→ WHAT IS REQUIRED: In your copy, repeat each record exactly and include no pictures.

Stored items from a collection
--- START ---

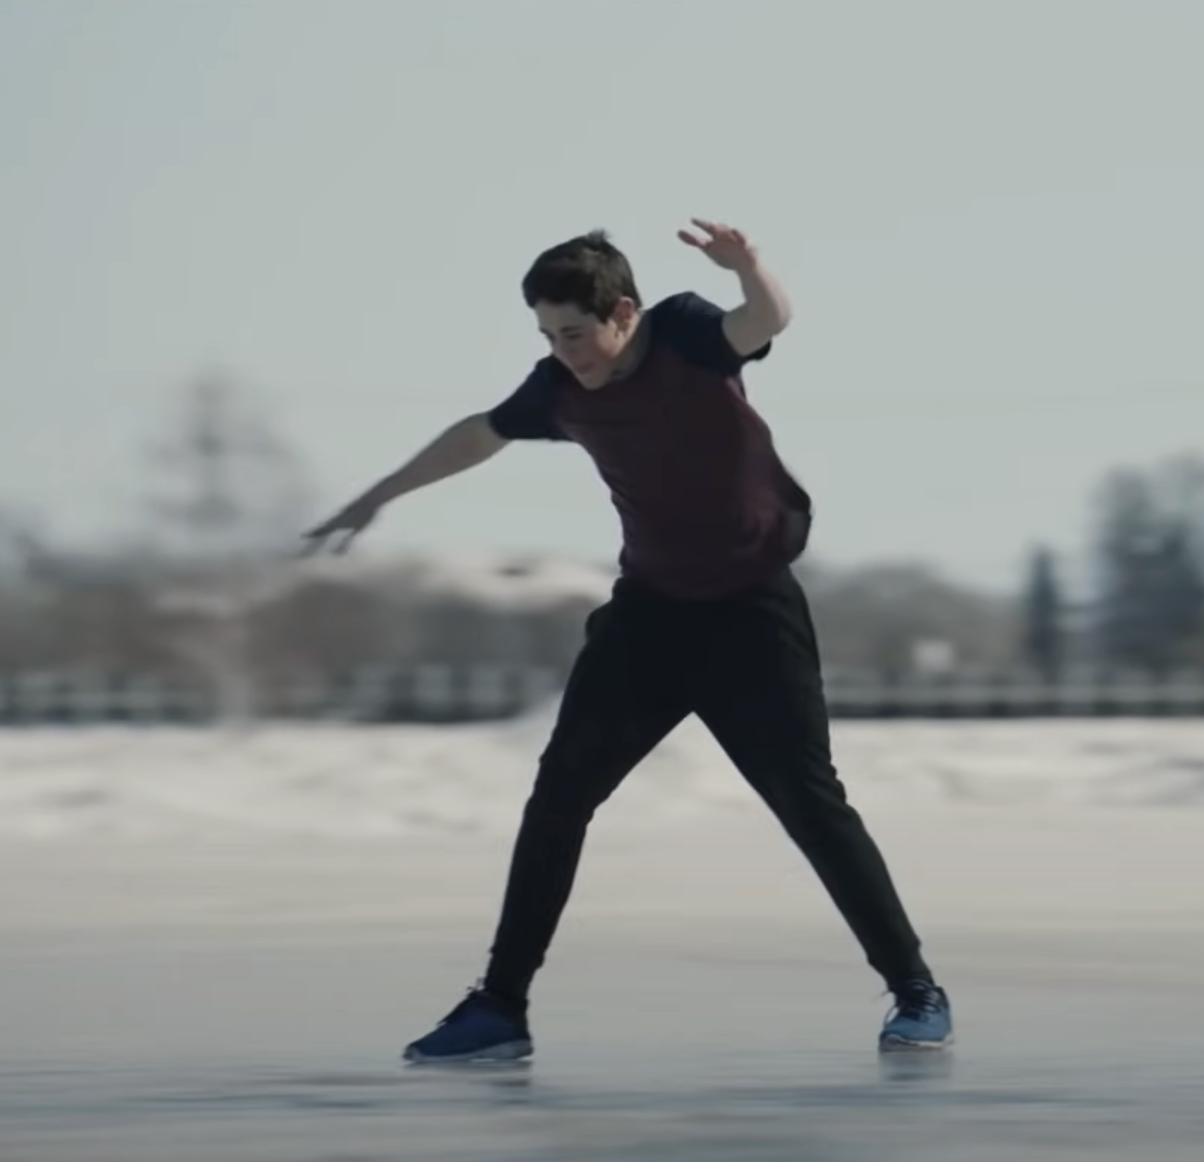 A man ice skating
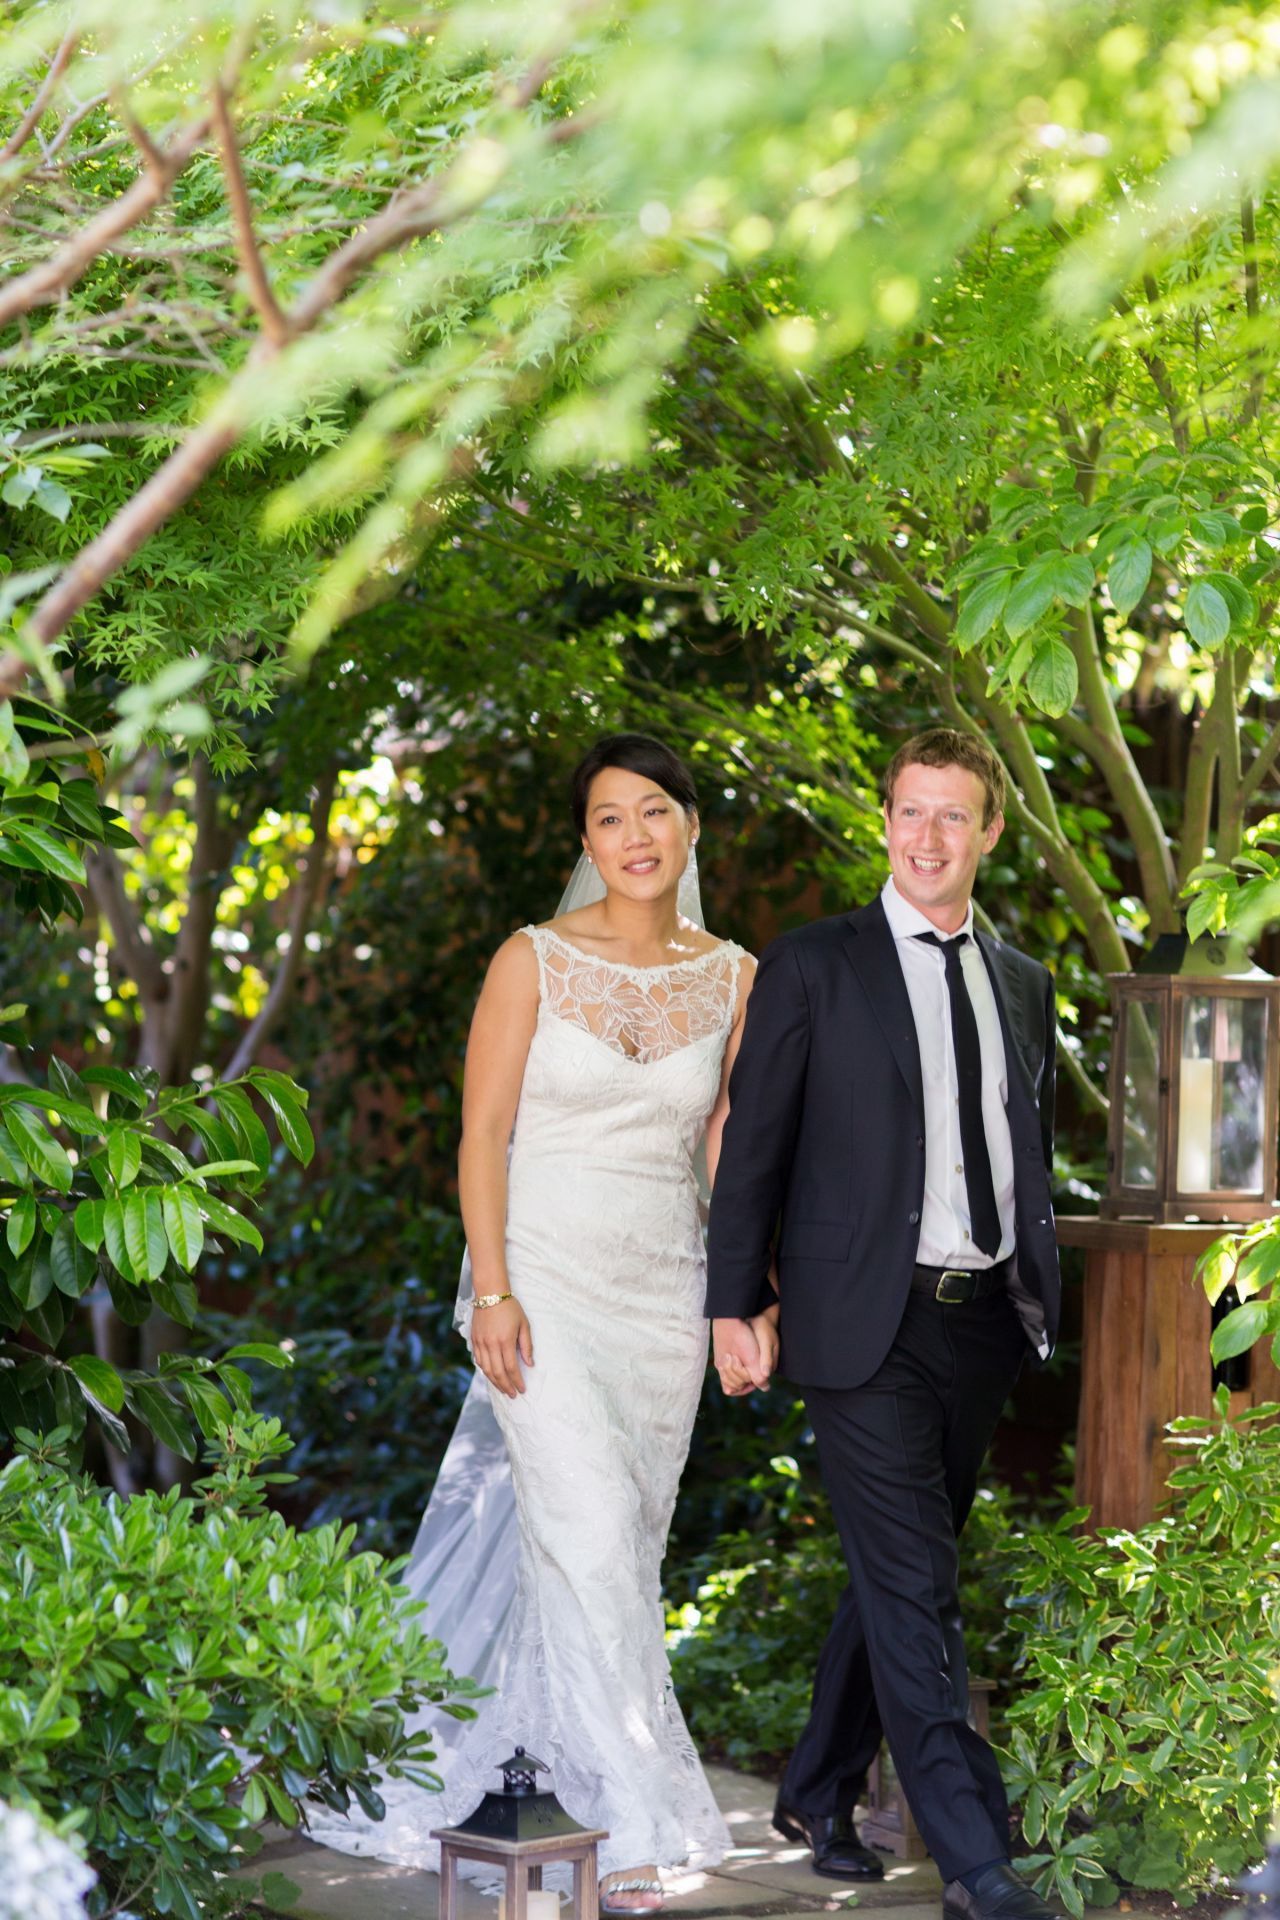 Mai 2012: Am 19. Mai, einen Tag nach dem Börsengang von Facebook, heiratet Zuckerberg seine Freundin Priscilla Chan.
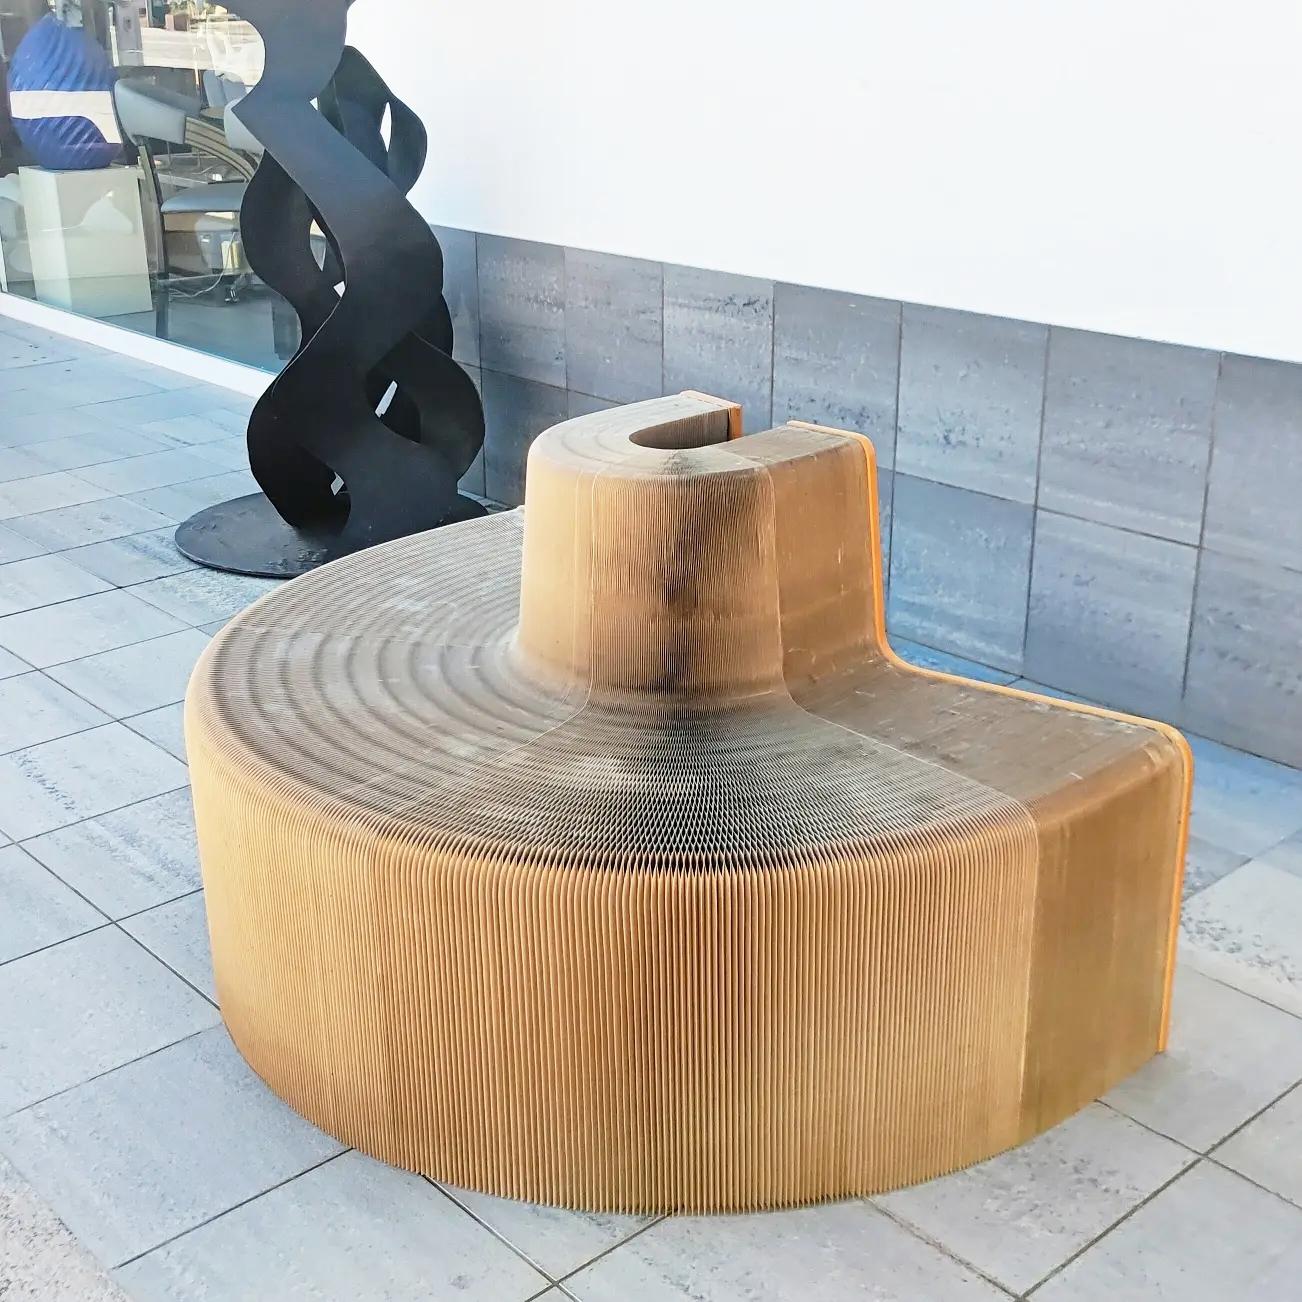 Très rare fauteuil extensible Chishen Chiu Flexible Love fabriqué au début des années 2000.
Ce projet est axé sur la communauté et le partage des interactions sociales.
Conçu par l'artiste taïwanais Chishen Chiu, ce canapé accrocheur est fabriqué
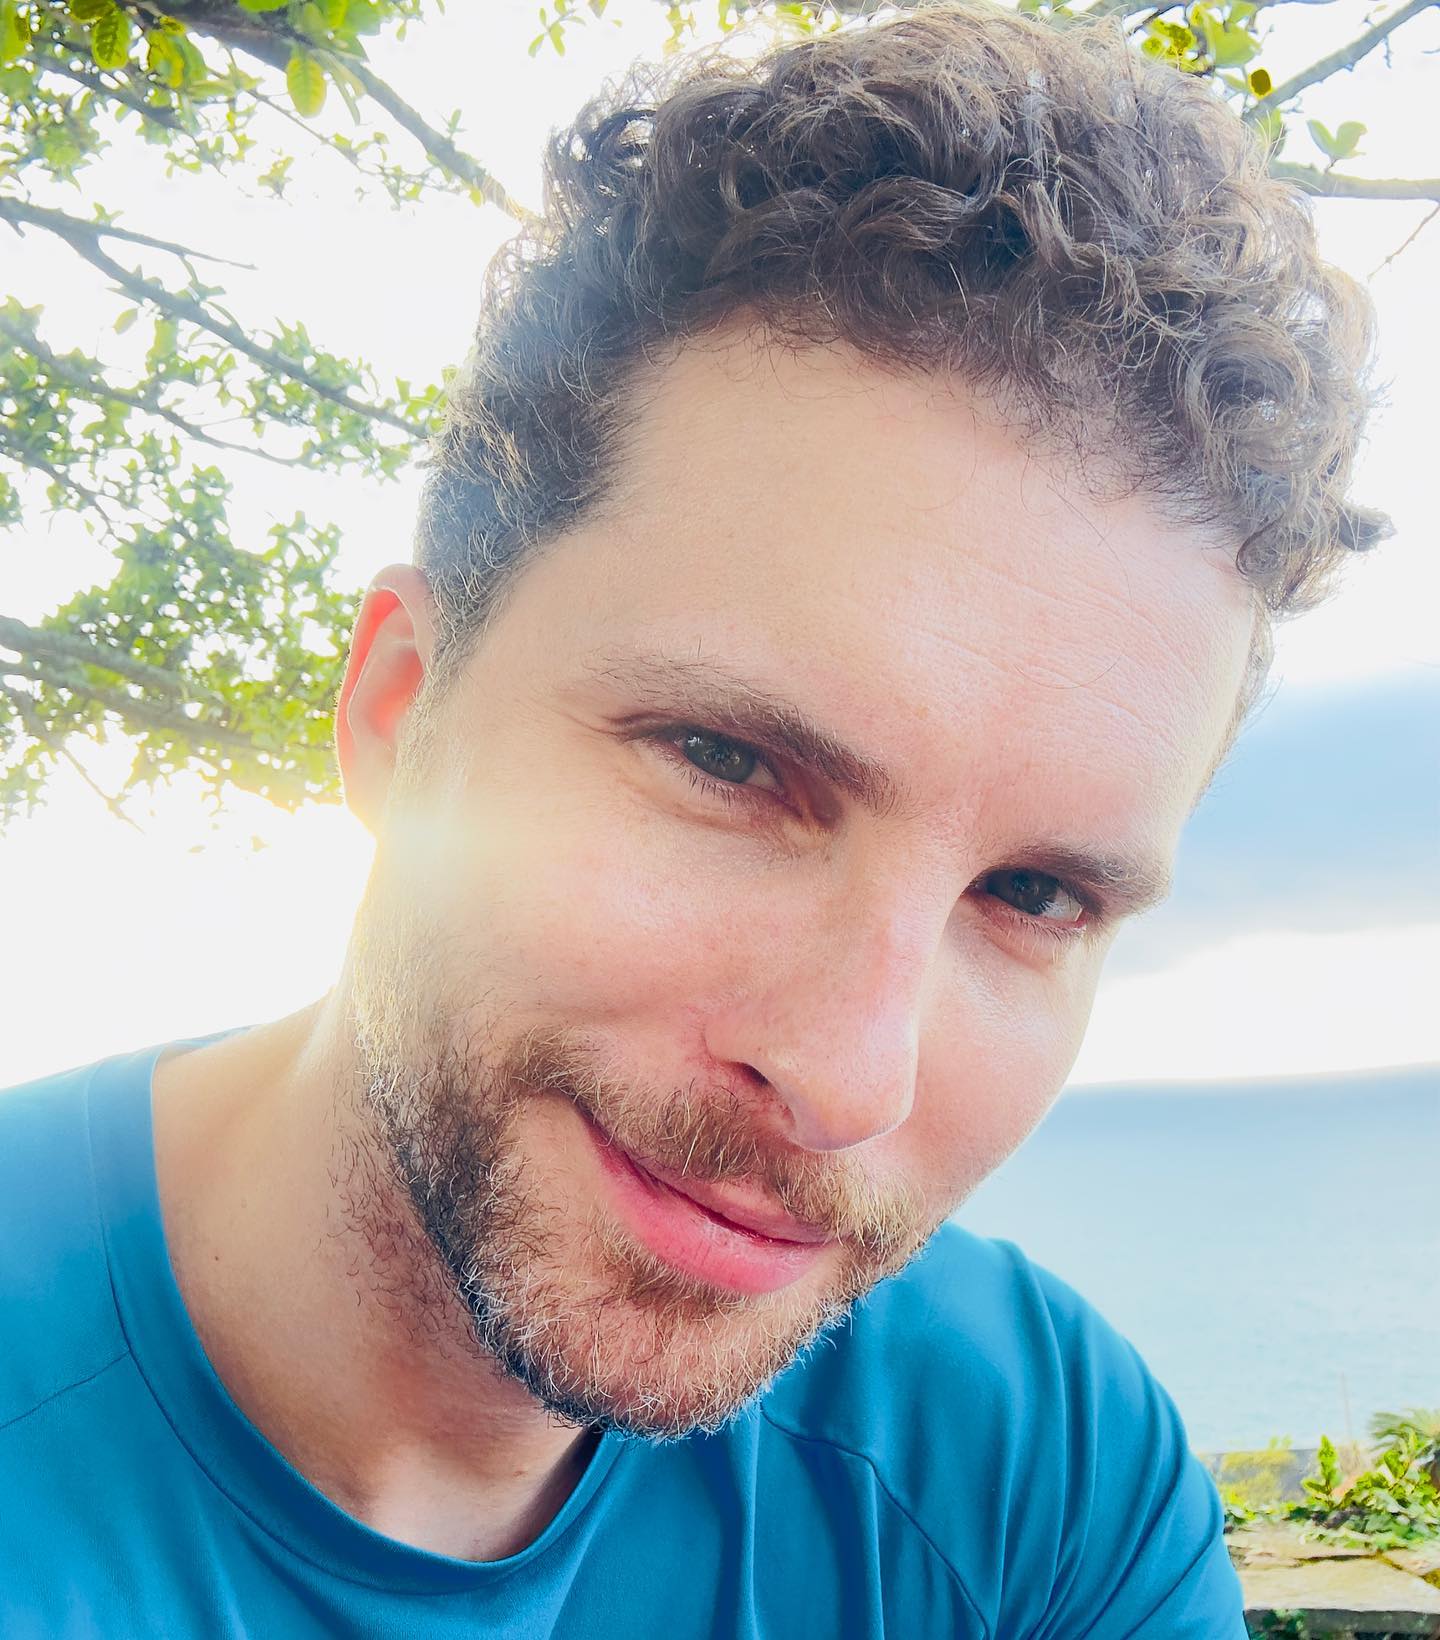 https://e.radikal.host/2023/04/20/Photo-by-Thiago-Fragoso-in-Rio-de-Janeiro-Rio-de-Janeiro.-May-be-a-selfie-of-1-person-beard-and-outdoors..jpg

--- END ---

→ SOLUTION TO THIS EXERCISE:
 A man ice skating
 Mai 2012: Am 19. Mai, einen Tag nach dem Börsengang von Facebook, heiratet Zuckerberg seine Freundin Priscilla Chan.
 Très rare fauteuil extensible Chishen Chiu Flexible Love fabriqué au début des années 2000.
Ce projet est axé sur la communauté et le partage des interactions sociales.
Conçu par l'artiste taïwanais Chishen Chiu, ce canapé accrocheur est fabriqué
 https://e.radikal.host/2023/04/20/Photo-by-Thiago-Fragoso-in-Rio-de-Janeiro-Rio-de-Janeiro.-May-be-a-selfie-of-1-person-beard-and-outdoors..jpg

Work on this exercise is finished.